Въ глухомъ кварталѣ было мрачно и безлюдно, какъ всегда въ этотъ часъ. Въ узкомъ проулкѣ, который велъ въ глубину этого квартала, Бобъ встрѣтилъ двѣ таинственные личности, которыя поспѣшили стушеваться въ темнотѣ и, конечно, въ случаѣ чего, не стали бы помогать полицейскимъ ловить его, Боба. Внизу, подъ лѣстницей, Бобъ поскользнулся и упалъ съ громкимъ стономъ.
-- Блюди убо, да не преткнешься о камень ногою твоею!-- совсѣмъ близко провѣщалъ надъ нимъ чей-то высокій голосъ.
Бобъ зналъ, что это -- доморощенный пророкъ, котораго обитатели Шутерсъ-Гарденса прозвали "Шалый Джэкъ" за то, что онъ денно и нощно вѣщалъ евангельскія или вообще другія премудрыя истины.
-- Что есть главное потребное въ жизни?-- продолжалъ онъ я теперь, самъ себѣ отвѣчая:
-- Главное есть премудрость.
Бобъ шелъ себѣ дальше и, удаляясь, слышалъ, что ему во слѣдъ неслась горячая рѣчь проповѣдника на довольно приличномъ французскомъ языкѣ. "Шалый" особенно любилъ этотъ языкъ, хотя никому и никогда еще не случалось слышать отъ него, почему и какъ именно онъ ему обучился.
Добравшись до площадки, на которую выходила дверь м-съ Кэнди, Бобъ попробовалъ осторожно потянуть за ручку, но она не подавалась: очевидно, никого не было дома. Однако Стефенъ долженъ былъ скоро придти домой;-- лучше посидѣть немножко, подождать... Такъ рѣшилъ Бобъ и, спустившись во дворъ, присѣлъ на корточки у стѣны.

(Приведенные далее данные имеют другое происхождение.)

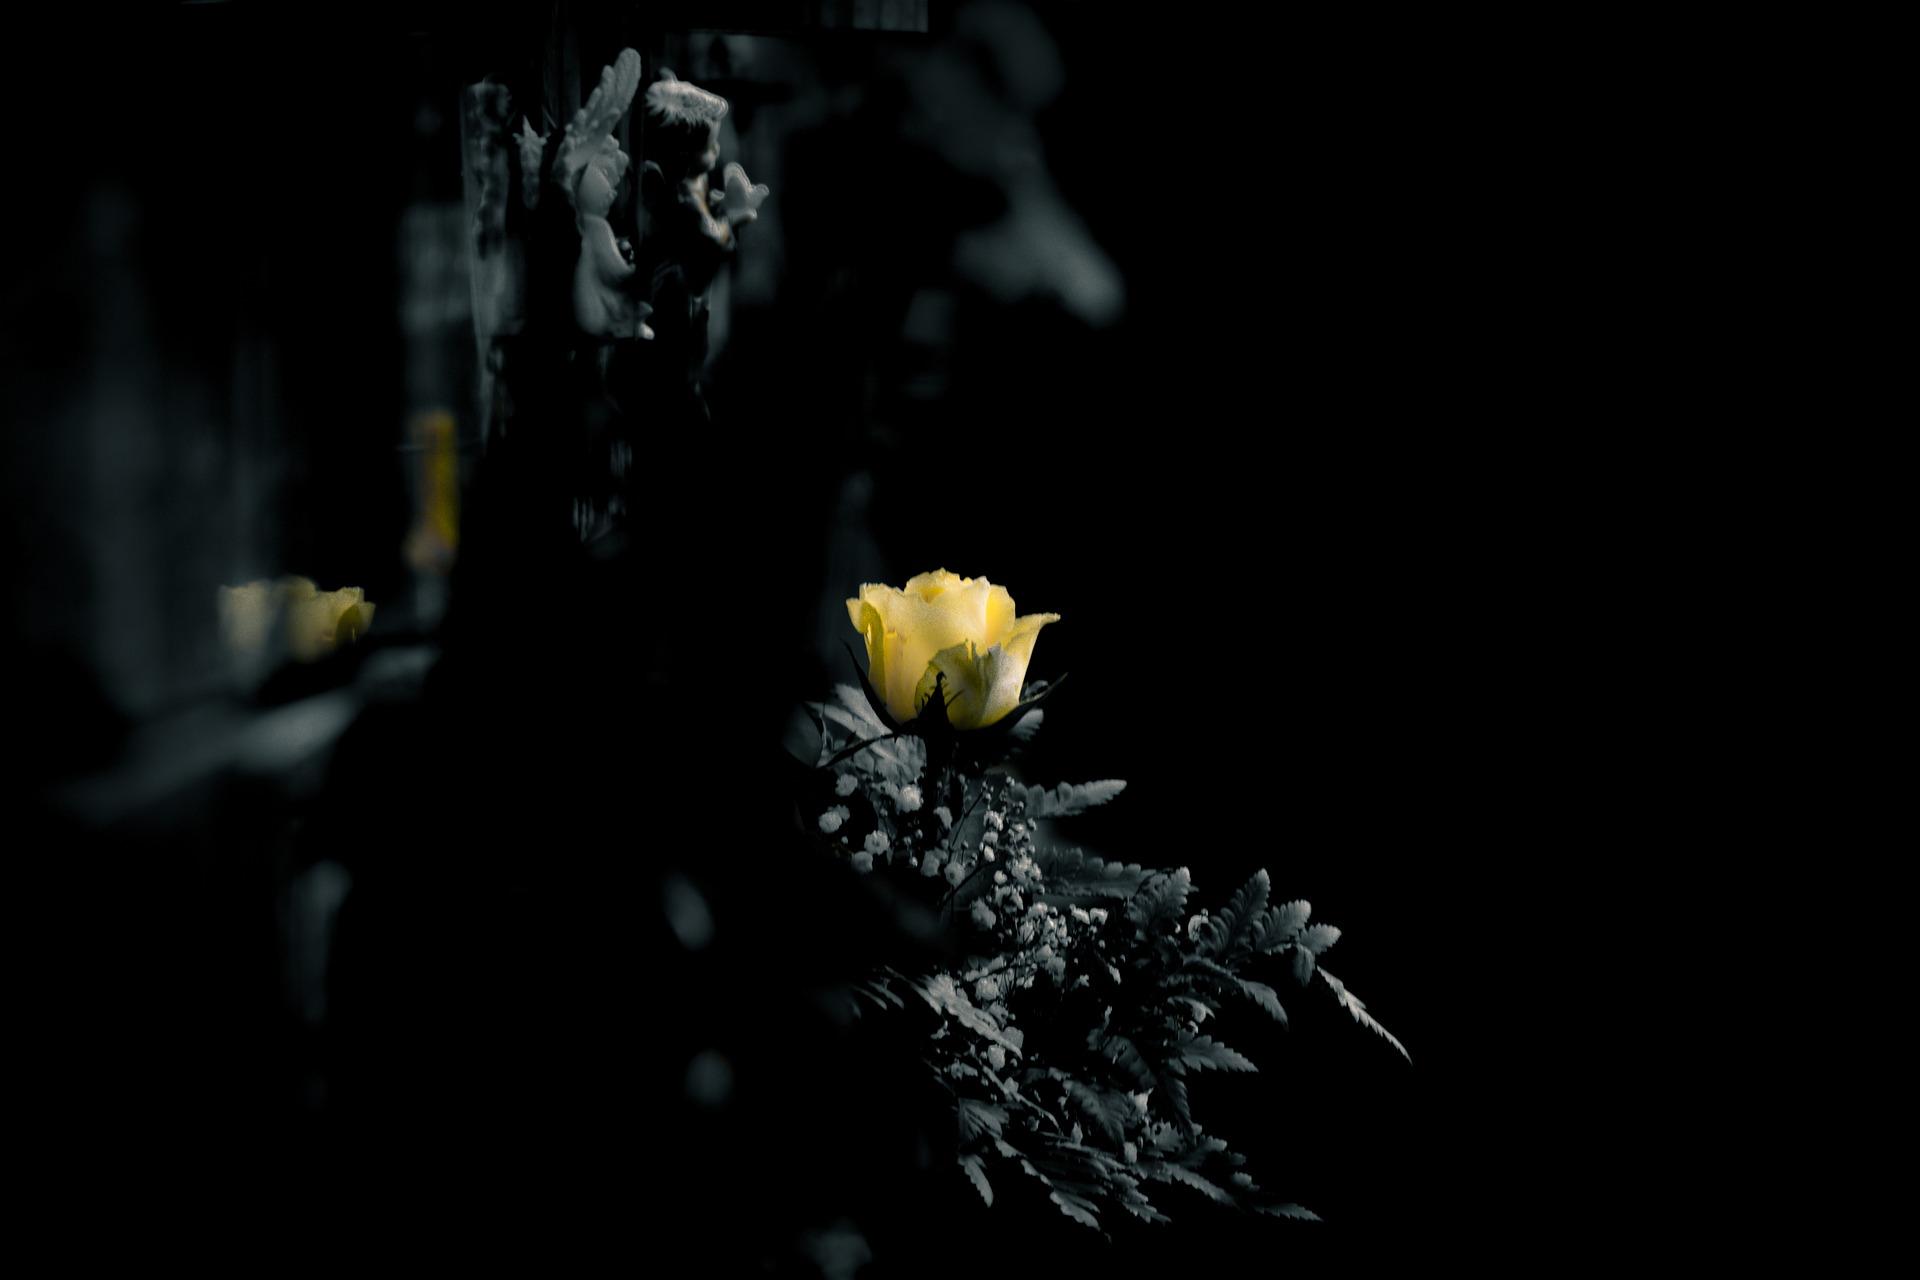 choisir des fleurs d 39 enterrement pour un jeune des obs ques. Black Bedroom Furniture Sets. Home Design Ideas

Нужды нѣтъ, что камни мостовой пропитаны сыростью; нужды нѣтъ, что дождь мочитъ больную грудь и усталыя плечи! Здѣсь, по крайней мѣрѣ, онъ въ безопасности отъ погони.
Но вотъ въ потемкахъ раздались шаги и голоса, и цѣлая гурьба молодыхъ мужчинъ и подростковъ высыпала на крыльцо съ крикомъ и руганью. Бобъ прислушался -- и узналъ голосъ Нэда Гиггса, съ которымъ жила жена Джэка. На поимку виновнаго не было ни намека въ ихъ шумѣ и брани. Нѣсколько голосовъ за-разъ кричали, стараясь перекричать одинъ другого:
-- Окурокъ!.. Окурокъ!..
Бобъ зналъ, что это восклицаніе было рельефнымъ выразителемъ одного обычая въ средѣ "меньшой братьи",-- обычая забавнаго и весьма типичнаго.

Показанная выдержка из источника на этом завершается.